# She Leaves me tonight



## NJG8GT (Nov 14, 2007)

Well, a few months ago I would say you were crazy if you asked me if I would consider selling my GTO. 

Since that time, I have come to realize that I would not be happy using my GTO as a daily driver and keeping her outside in the elements. Having to drive the kids in the winter snow to school while wife is at work with tahoe. I have even thought of building another garage, carport, and just keeping a cover on it. I am doing some more house projects and want to give my wife, children, animals the best possible envoirment to live in and did not want to spend anymore money on a hoopty car to drive daily with additional expenses of Jersey insurance, Registration, and up keep. I realized right now anyway, that the next few years while my children are young that mostly all of my attention needs to be geared towards them and my wife. Then when they are older and in college or working on a family of their own I will some day have that old 1970 GTO or new age GTO to sit back, pamper, and enjoy. That doesnt mean that the vehicle I will be getting now wont be pampered, modified, and etc...It means it will be more practical for my life at this moment...Maybe in a year or two Ill jump into a four door G8 GXP and then couple years down the road into a NEW AGE GTO. But, until that day happens, I still plan be active on this forum and to talk shop with all of you that I now consider my family..

Today, I will take my last ride in her to the new owner... It just so happens to be pouring miserably outside...I only have driven the GTO maybe twice in the rain...It was against my goat religion...The ride should be a good half hour to where I am to meet up with the luck new owner of a well taken care of and beautiful machine....

Thanks to all of you that has helped me in the past with making modification decisions on her and the support you have all shown on my decision to let her go..Hopefullly you all will still give me advice on future rides...

Well, it is time to go becasue it is becoming difficult to see the screen..

Take care,

NJgoat


----------



## GTO JUDGE (May 14, 2005)

Don't you be going anywhere!! STICK AROUND!!!!!!!!!

Glad it all worked out for you in the end!
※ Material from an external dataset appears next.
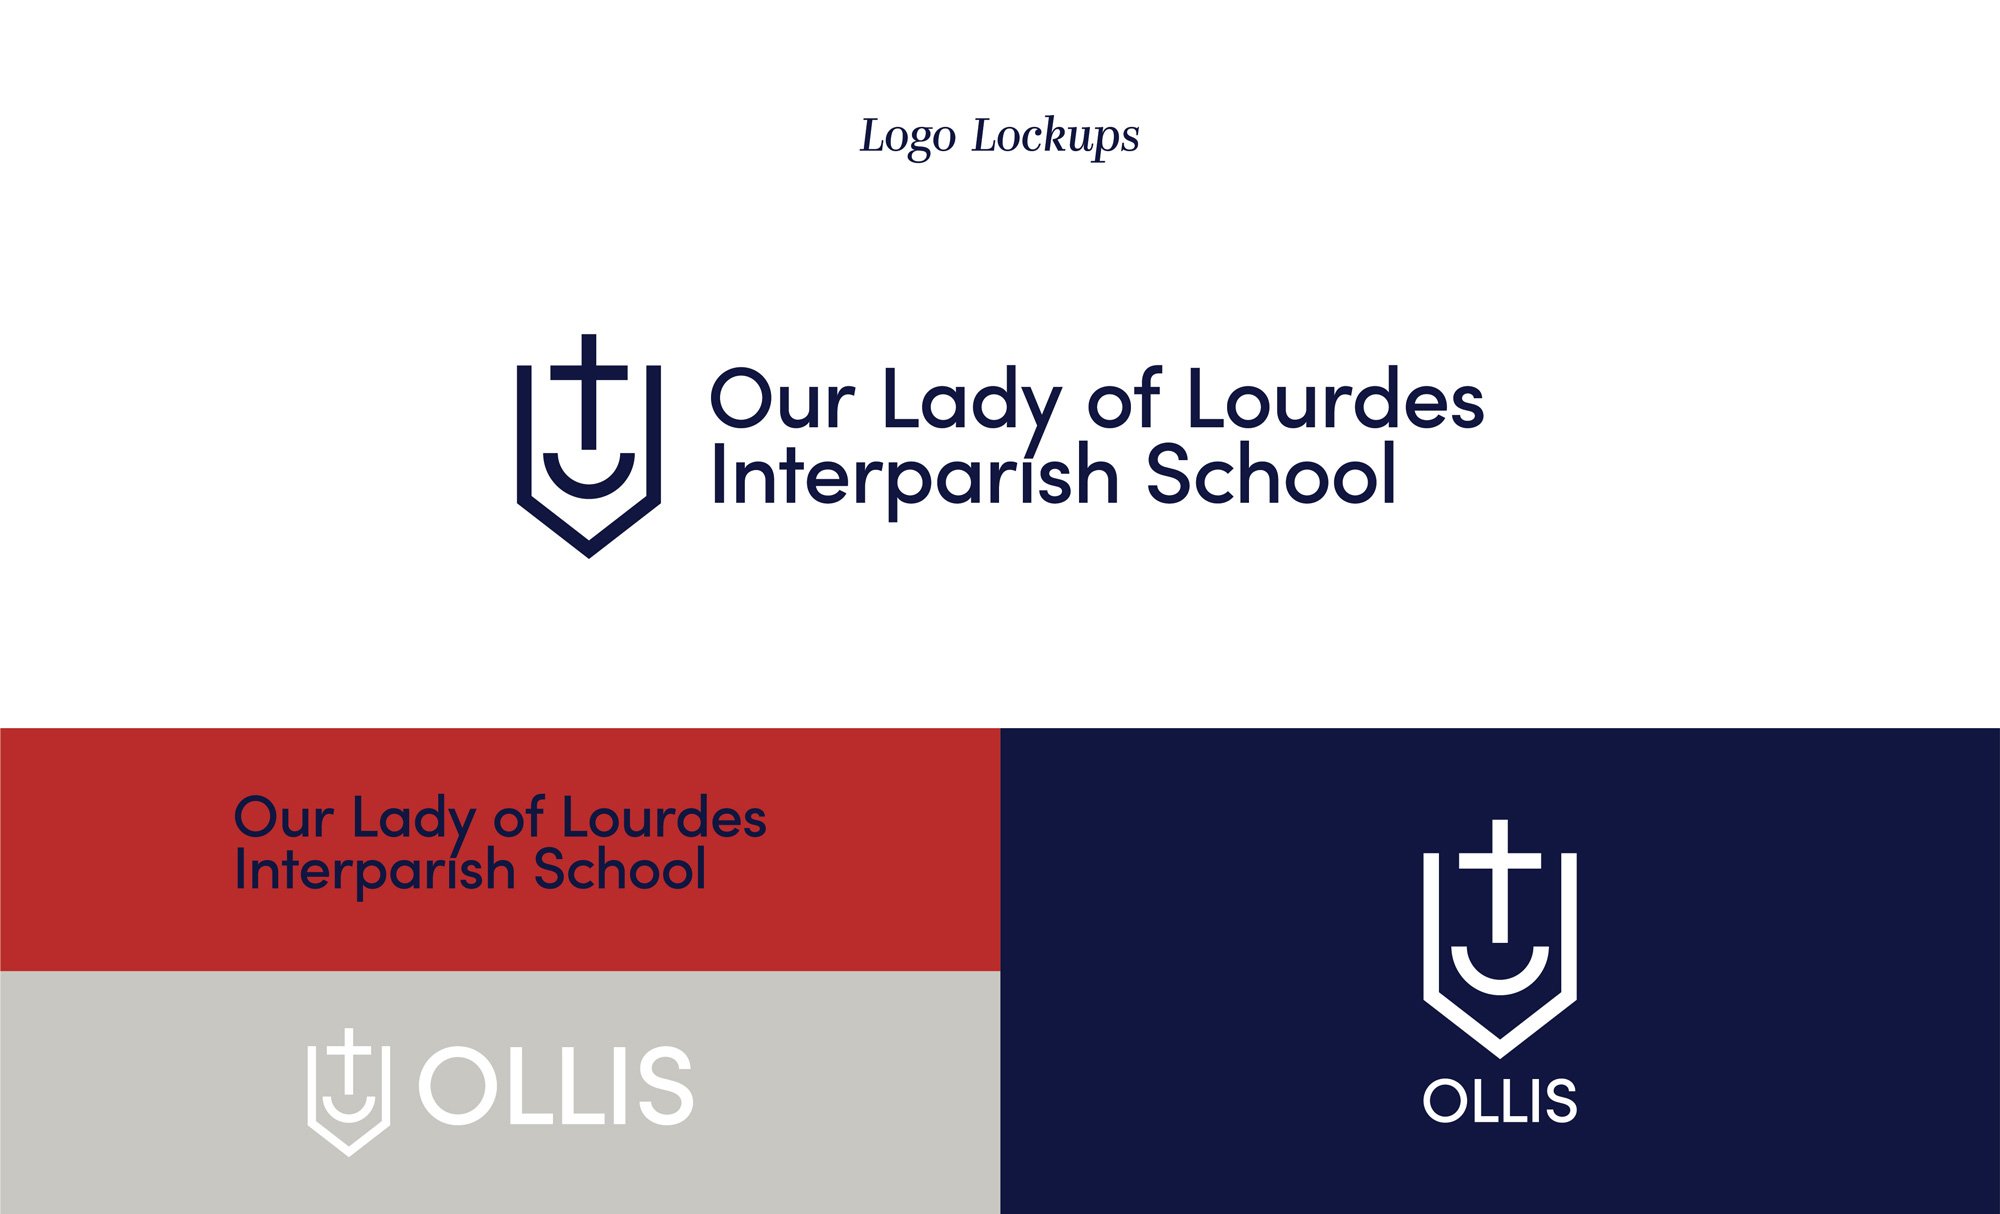  Catholic school rebrand logo lockups.

Lets see some pics of that new ride when you get it.
I guess the poll can be closed now. Was fun while it lasted. :lol:

:cheers:cheers:cheers


----------



## PDQ GTO (Jun 21, 2007)

NJ Sierra – nothing preventing you from hanging-out here, if you heart can take it...
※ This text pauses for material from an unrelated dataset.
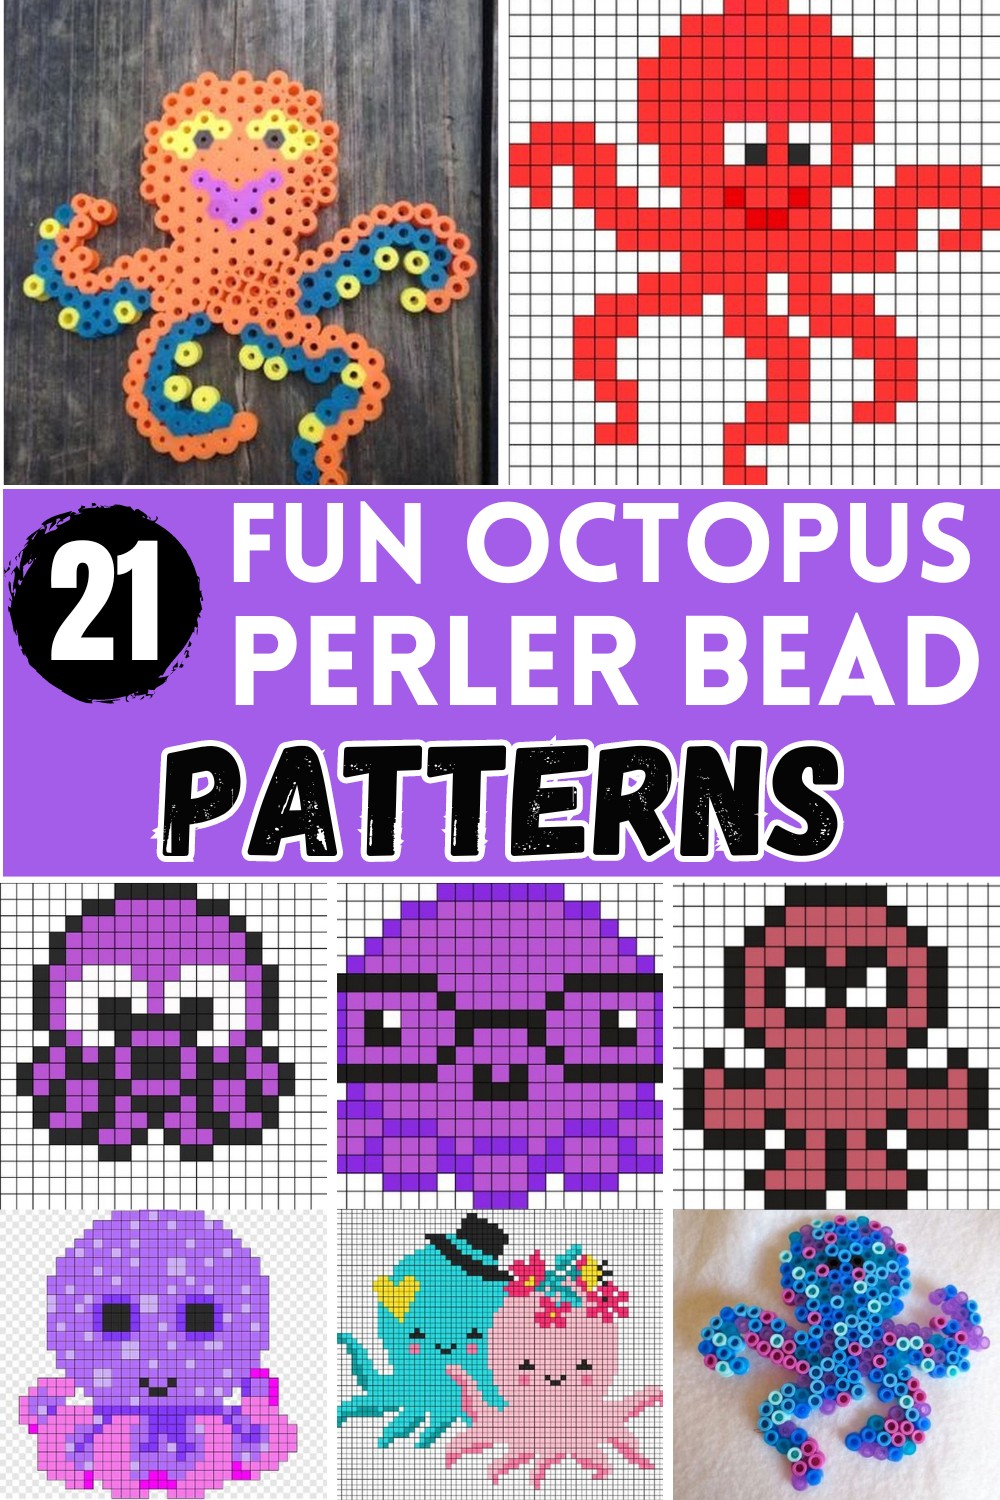 Fun Octopus Perler Bead Patterns

This song is only half-way meant to be toung & cheek because I know you have fond memories of your Goat...:cheers:cheers 
(Scip the Into crap to get to the song) 
YouTube - Barbra Streisand - The Way We Were (1975)

Take Care Buddy…


----------



## Devils3023 (May 21, 2007)

Truly a sad day Chris, I know you loved your goat but you did what you had to for your wife and kids and nobody will fault you for that. You better still stick around here and contribute bro, good luck w/ the new ride. :cheers


----------



## 04YJ-GTO (Nov 7, 2007)

Nj don't worry your GTO is going to a great owner and it will be store in a garage the way you kept it


----------



## AA GTO SP (Nov 11, 2006)

NJGoat to NJSierra....I say congratulations are in order. :cheers


----------



## NJG8GT (Nov 14, 2007)

04YJ-GTO said:


> Nj don't worry your GTO is going to a great owner and it will be store in a garage the way you kept it


Thanks...It was hard letting her go...Ed seemed like a really nice guy. Thanks again.


----------



## NJG8GT (Nov 14, 2007)

I guess this means I'll have to edit my signature information and photo now....Maybe not the photo. Feels like I lost a family member.


----------



## Aramz06 (Mar 2, 2008)

Hey atleast you gave her up for a good cause! The owner will defenitely keep her in the same conditions you did. One lucky dude he is! 
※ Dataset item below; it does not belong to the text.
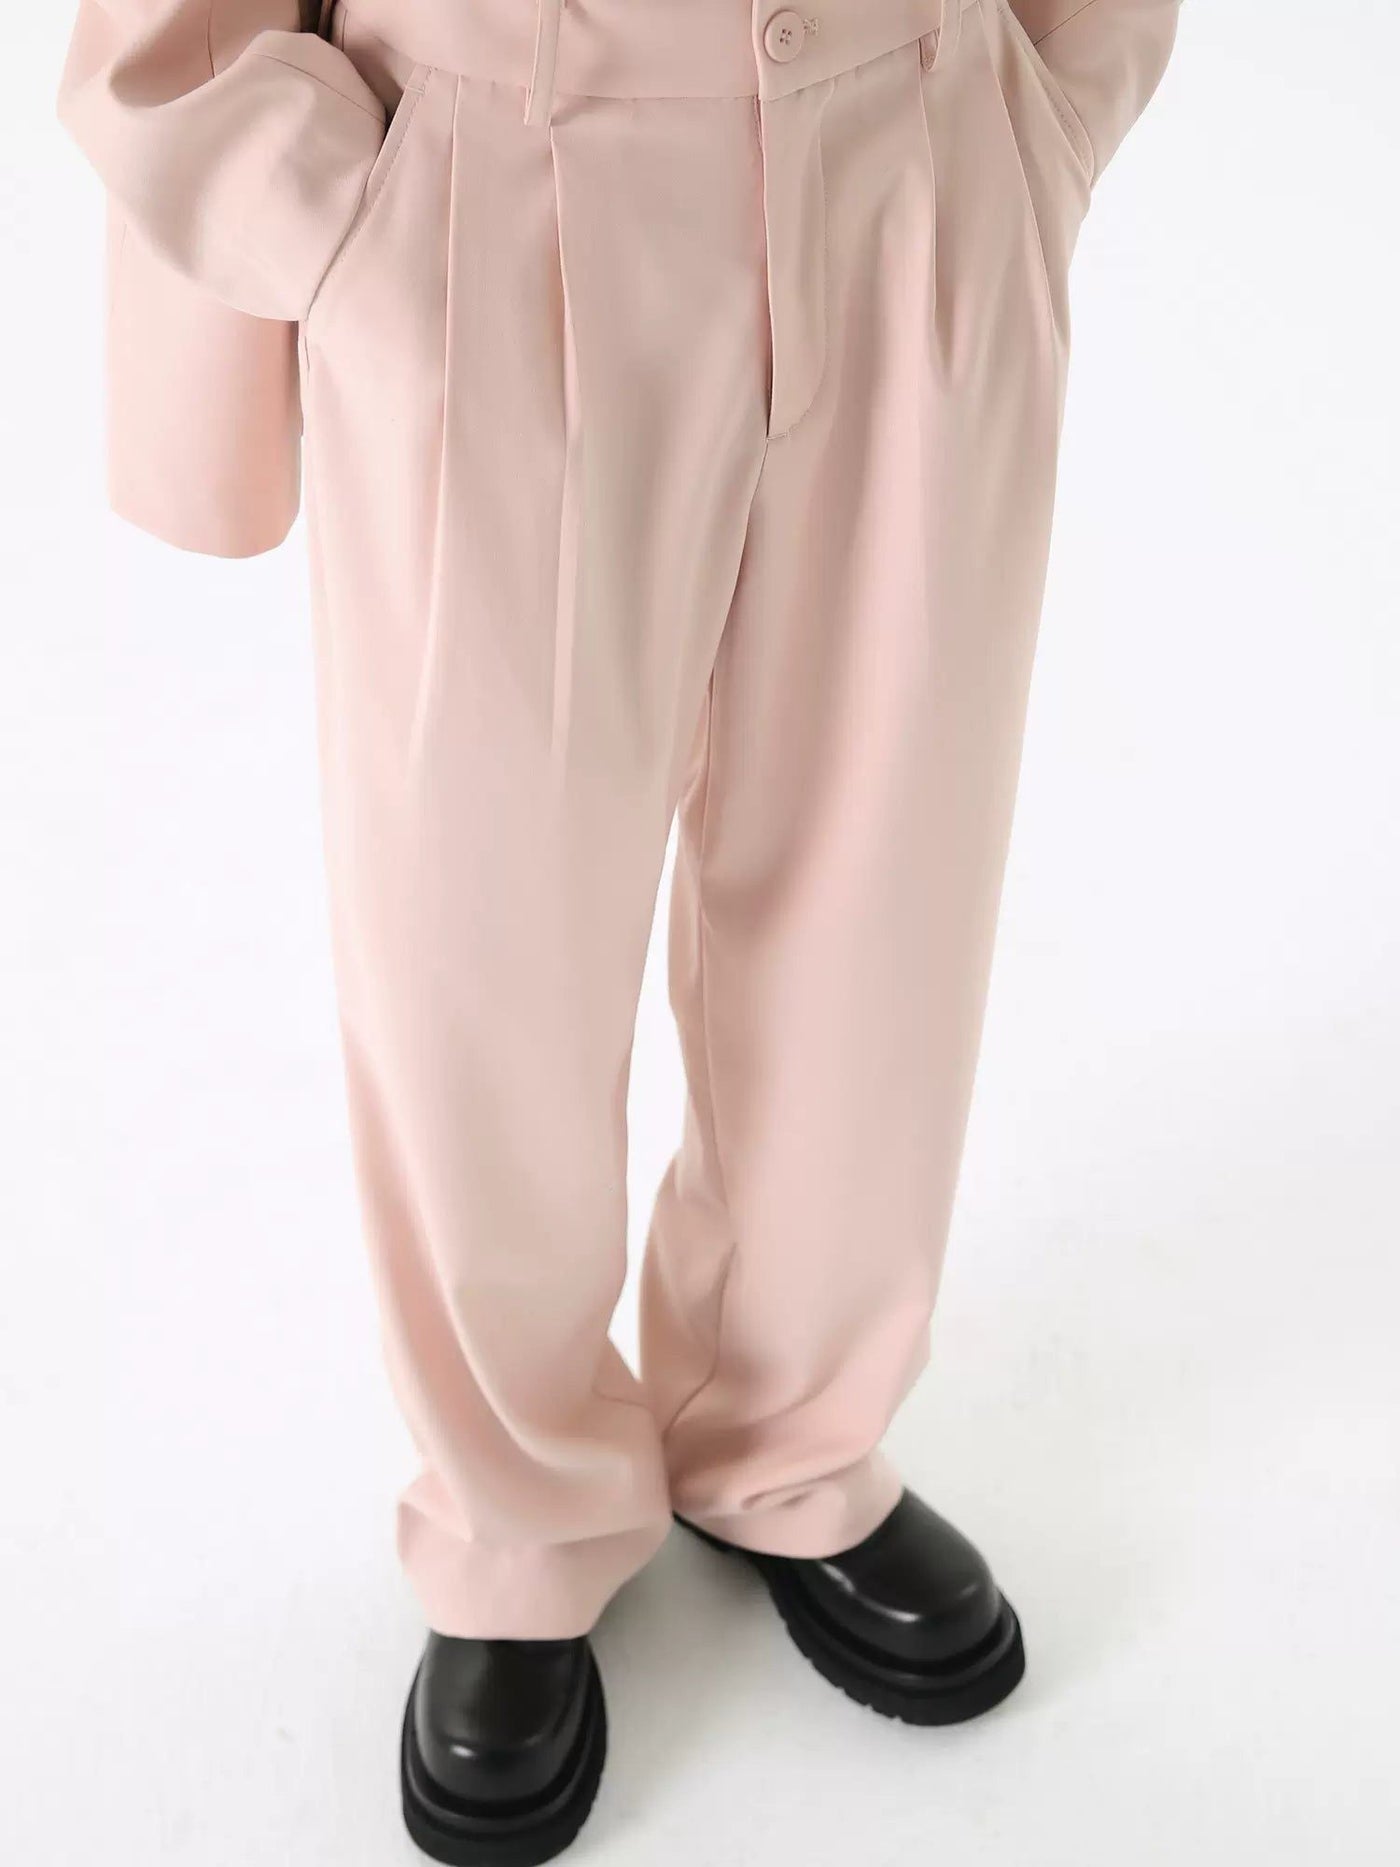 Buttoned Suit Classic Pants Korean Street Fashion Pants By HARH Shop Online at OH Vault

So its gone now? when does the Sierra arrive? Did you keep any pieces of the GTO for memories? enjoy and hope to see you stay on the forum board!


----------



## 04YJ-GTO (Nov 7, 2007)

NJSierra said:


> Thanks...It was hard letting her go...Ed seemed like a really nice guy. Thanks again.


Yea, he loves that car as much as you do. Atleast you know it went to a good home. If you would have traded it in you wouldn't know what kind of person that would have bought it. So you know it will be well taken care of, so you can be happy about that NJ, knowing your car will be treasured like when you owned it. :cheers


----------



## Red Bearded Goat (Mar 19, 2007)

Chris,
Sounds like it was pouring inside and outside your.. errr, former goat yesterday.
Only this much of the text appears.